▶ TASK REQUIREMENTS
Show each line from the listing that includes the word "Womens".

▶ SOURCE RECORDS
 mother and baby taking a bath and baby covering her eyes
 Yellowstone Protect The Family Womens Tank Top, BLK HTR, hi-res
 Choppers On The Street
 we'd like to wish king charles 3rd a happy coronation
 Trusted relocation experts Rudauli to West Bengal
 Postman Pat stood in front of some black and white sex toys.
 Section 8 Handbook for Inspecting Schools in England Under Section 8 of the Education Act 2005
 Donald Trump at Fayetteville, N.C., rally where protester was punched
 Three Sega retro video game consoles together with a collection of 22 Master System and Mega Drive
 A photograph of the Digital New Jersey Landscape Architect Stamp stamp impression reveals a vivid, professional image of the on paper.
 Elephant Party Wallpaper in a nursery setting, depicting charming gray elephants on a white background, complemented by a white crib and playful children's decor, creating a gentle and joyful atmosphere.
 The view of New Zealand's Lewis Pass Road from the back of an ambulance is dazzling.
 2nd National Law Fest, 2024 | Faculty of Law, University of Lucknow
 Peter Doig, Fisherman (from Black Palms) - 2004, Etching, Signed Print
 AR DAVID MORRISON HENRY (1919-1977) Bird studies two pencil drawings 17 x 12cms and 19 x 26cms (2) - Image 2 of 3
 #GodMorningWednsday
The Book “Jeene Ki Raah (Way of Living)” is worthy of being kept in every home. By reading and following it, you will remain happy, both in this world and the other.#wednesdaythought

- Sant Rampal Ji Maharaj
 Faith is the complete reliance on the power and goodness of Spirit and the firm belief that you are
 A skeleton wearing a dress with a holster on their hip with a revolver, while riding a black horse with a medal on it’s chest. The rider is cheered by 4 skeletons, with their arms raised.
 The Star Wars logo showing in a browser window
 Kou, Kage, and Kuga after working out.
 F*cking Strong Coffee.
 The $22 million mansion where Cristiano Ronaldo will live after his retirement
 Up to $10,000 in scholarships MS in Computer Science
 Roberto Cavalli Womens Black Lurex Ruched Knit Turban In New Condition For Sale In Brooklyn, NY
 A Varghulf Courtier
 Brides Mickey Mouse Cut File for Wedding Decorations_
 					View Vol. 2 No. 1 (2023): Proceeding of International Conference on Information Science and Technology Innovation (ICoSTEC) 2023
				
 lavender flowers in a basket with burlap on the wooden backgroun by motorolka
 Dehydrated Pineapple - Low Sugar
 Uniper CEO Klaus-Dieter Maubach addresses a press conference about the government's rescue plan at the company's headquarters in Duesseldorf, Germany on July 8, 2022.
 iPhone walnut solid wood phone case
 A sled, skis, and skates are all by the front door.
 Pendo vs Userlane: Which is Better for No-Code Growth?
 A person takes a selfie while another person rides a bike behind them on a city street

▶ ANSWER TO THIS EXERCISE
 Yellowstone Protect The Family Womens Tank Top, BLK HTR, hi-res
 Roberto Cavalli Womens Black Lurex Ruched Knit Turban In New Condition For Sale In Brooklyn, NY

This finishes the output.